Then the image was masked by the t-score (all voxels with t-score less than 3 are considered non-significant: .δσ|_{t < 3} = 0), and spatially smoothed with a Gaussian filter (with 0.3 mm kernel).

The accuracy and resolution of image reconstruction were determined by computing the centre of mass and standard deviation of the spatial conductivity distribution for each reconstructed perturbation:

$$\begin{equation} \begin{array}{l} {\bf r}_c = \displaystyle\frac{{\mathop \sum _{i = 1}^m ( {\delta \sigma ^i \cdot r_i })}}{{\mathop \sum _{i = 1}^m \delta \sigma ^i }} \\ \varepsilon _r = \displaystyle\frac{{\langle {\delta {\boldsymbol \sigma } \cdot {\bf r} - \overline {\delta {\boldsymbol \sigma } \cdot {\bf r}} } \rangle }}{{\mathop \sum _{i = 1}^m \delta \sigma ^i }}. \end{array} \end{equation} \tag{ 10 }$$

r_c is the centre of mass, ε_r is the standard deviation of the conductivity distribution in three dimensions, which represents the radius of the fussy reconstructed object, r_i is the coordinates of ith element, and δσⁱ is the conductivity value in ith element. Localization error (difference between the true and reconstructed position of the perturbation: $\left| {{\bf r}_c - \widehat{{\bf r}_c }} \right|$ was computed and displayed, as well as shape error $\left| {\varepsilon _r - \widehat{\varepsilon _r }} \right|$, where $\widehat{{\bf r}_c }$ is the true position of the centre of perturbation, and $\widehat{\varepsilon _r }$ = 0.25 is the radius of perturbation.

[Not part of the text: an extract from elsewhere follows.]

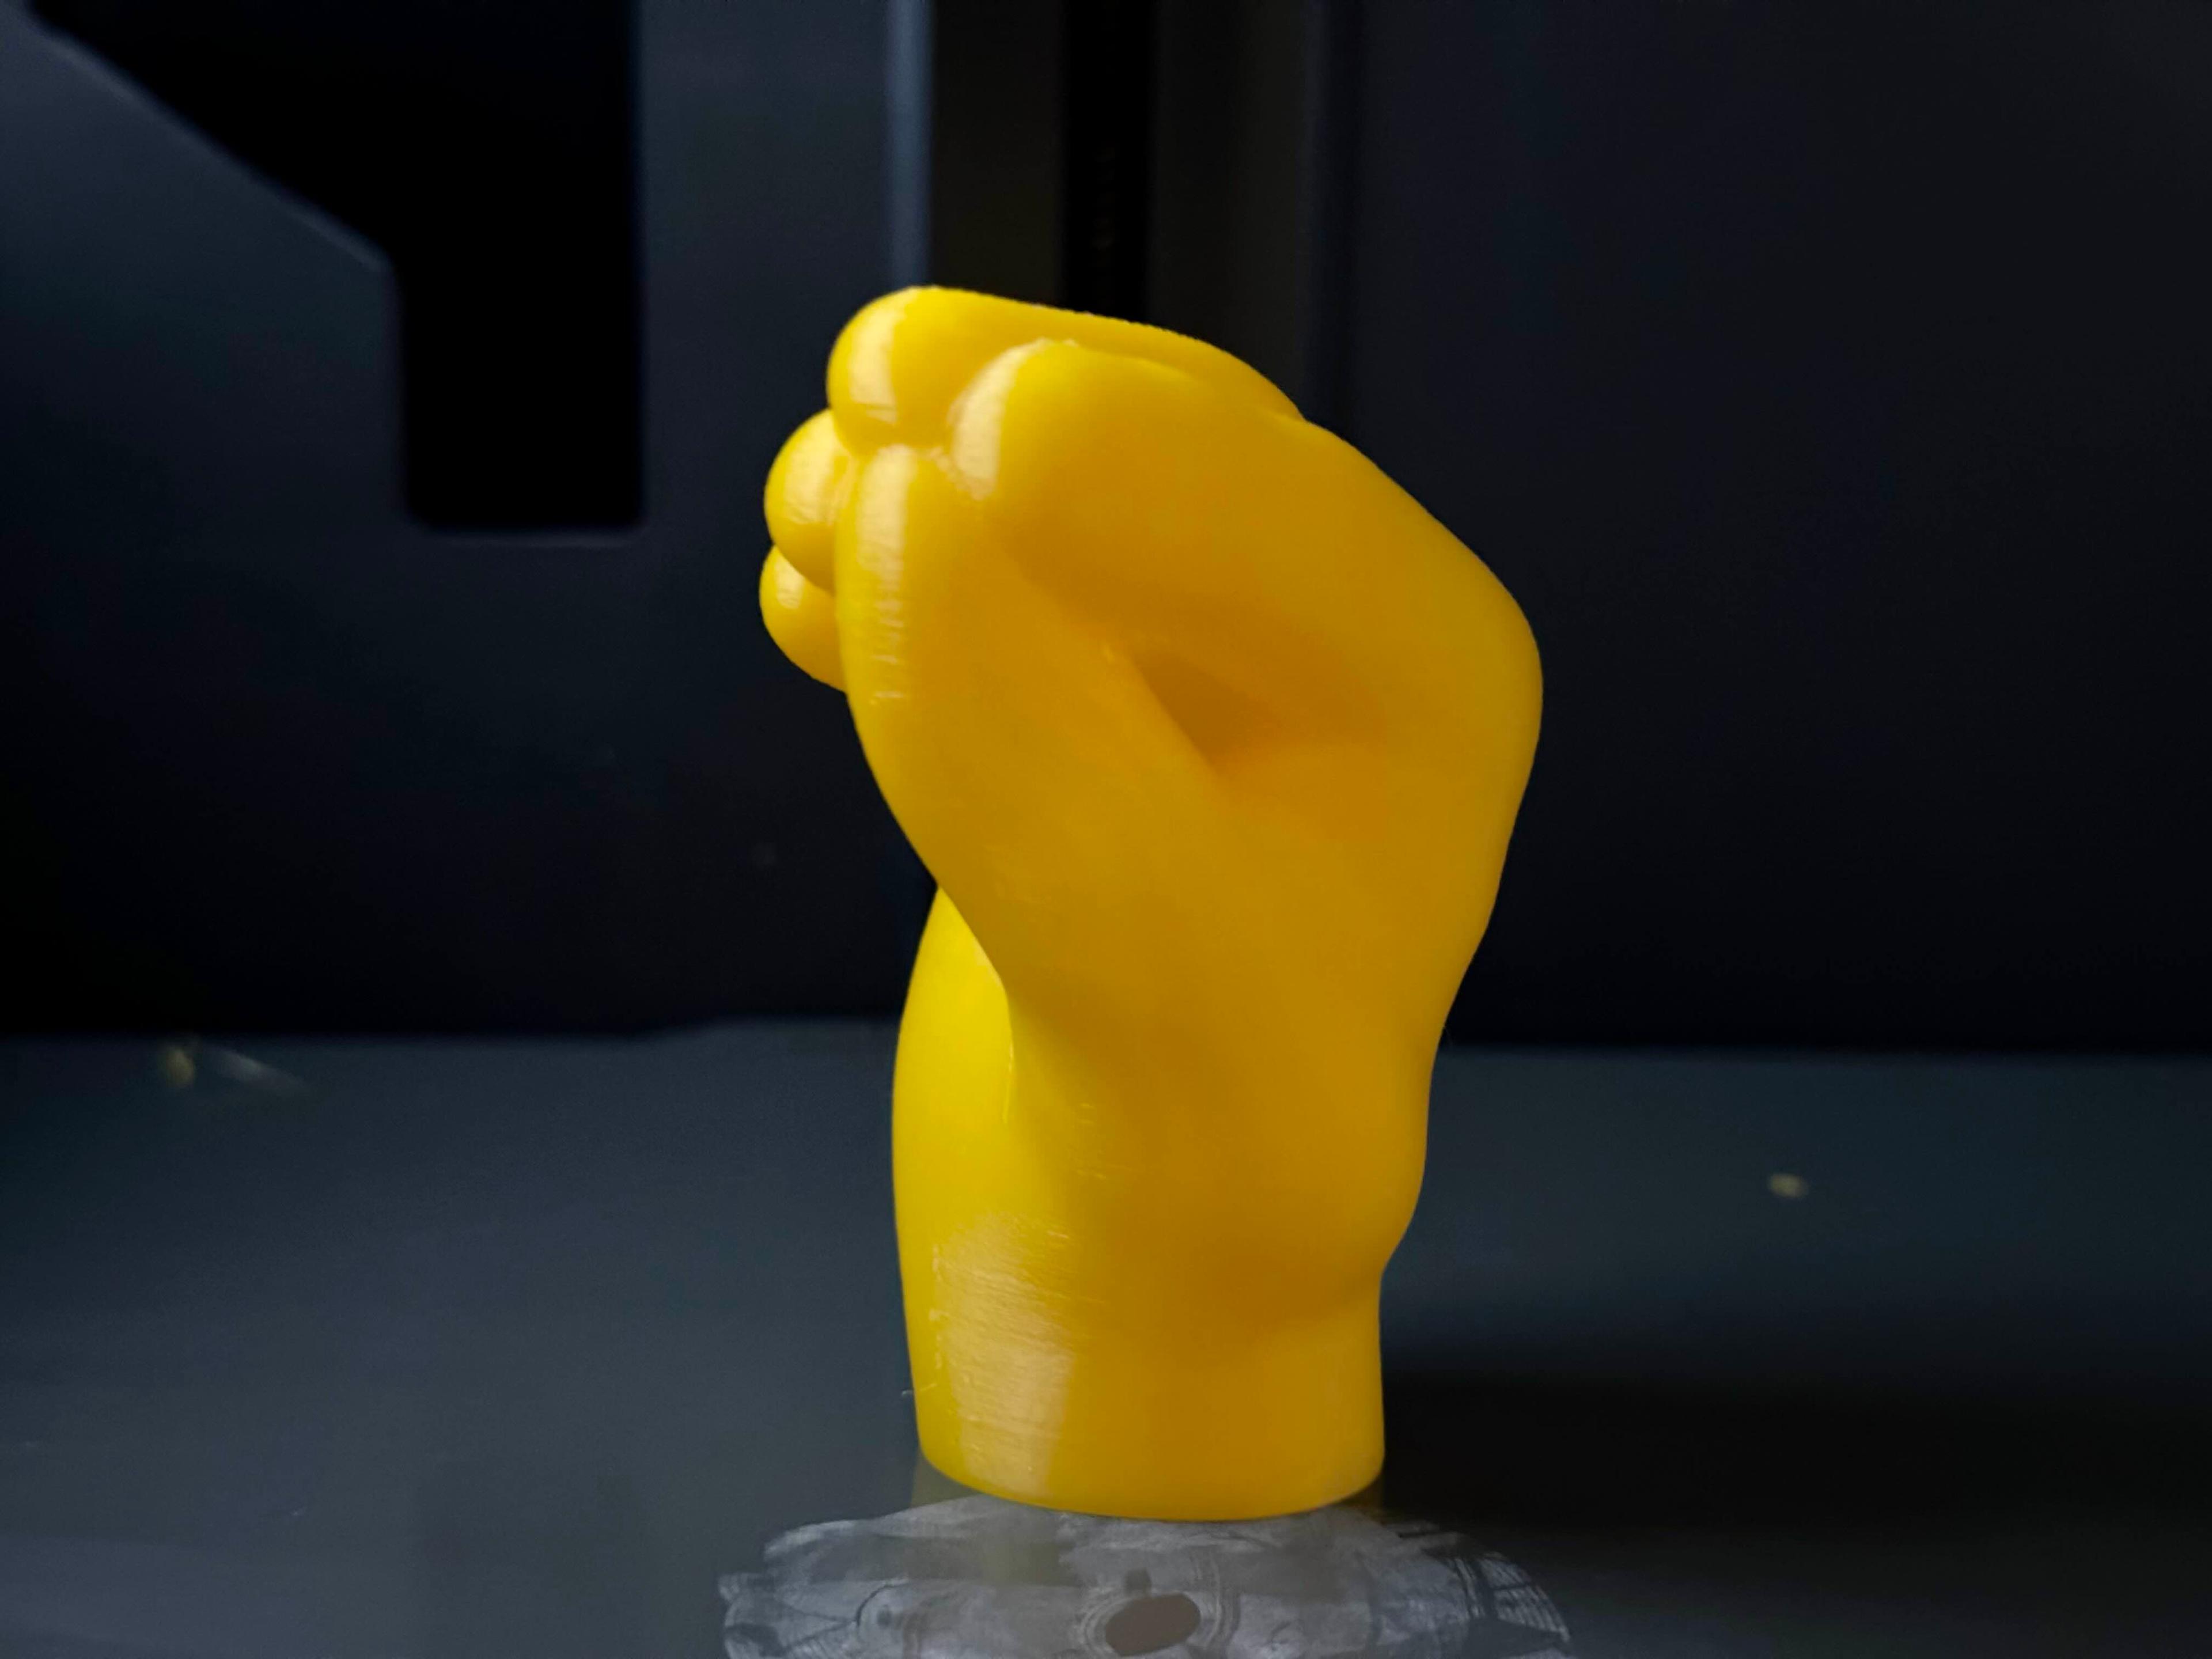 EMOJI HAND 🤌 PINCHED FINGERS / ITALIAN "MA CHE VUOI?!" GESTURE 3d model

After evaluation, the developed methods were employed to study the feasibility of imaging deep brain neural activity with a 3D arrangement of electrodes. A 15 M element optimized forward mesh, 100 k inverse hexahedral mesh, and 256 electrodes placed around the brain, with 64 of them being injecting, were employed (figure 4). A 0.5 mm spherical perturbation with a 10% conductivity change, simulating neuronal activity, was placed in the hippocampal area CA1 and the improved image reconstruction procedures described above were utilized.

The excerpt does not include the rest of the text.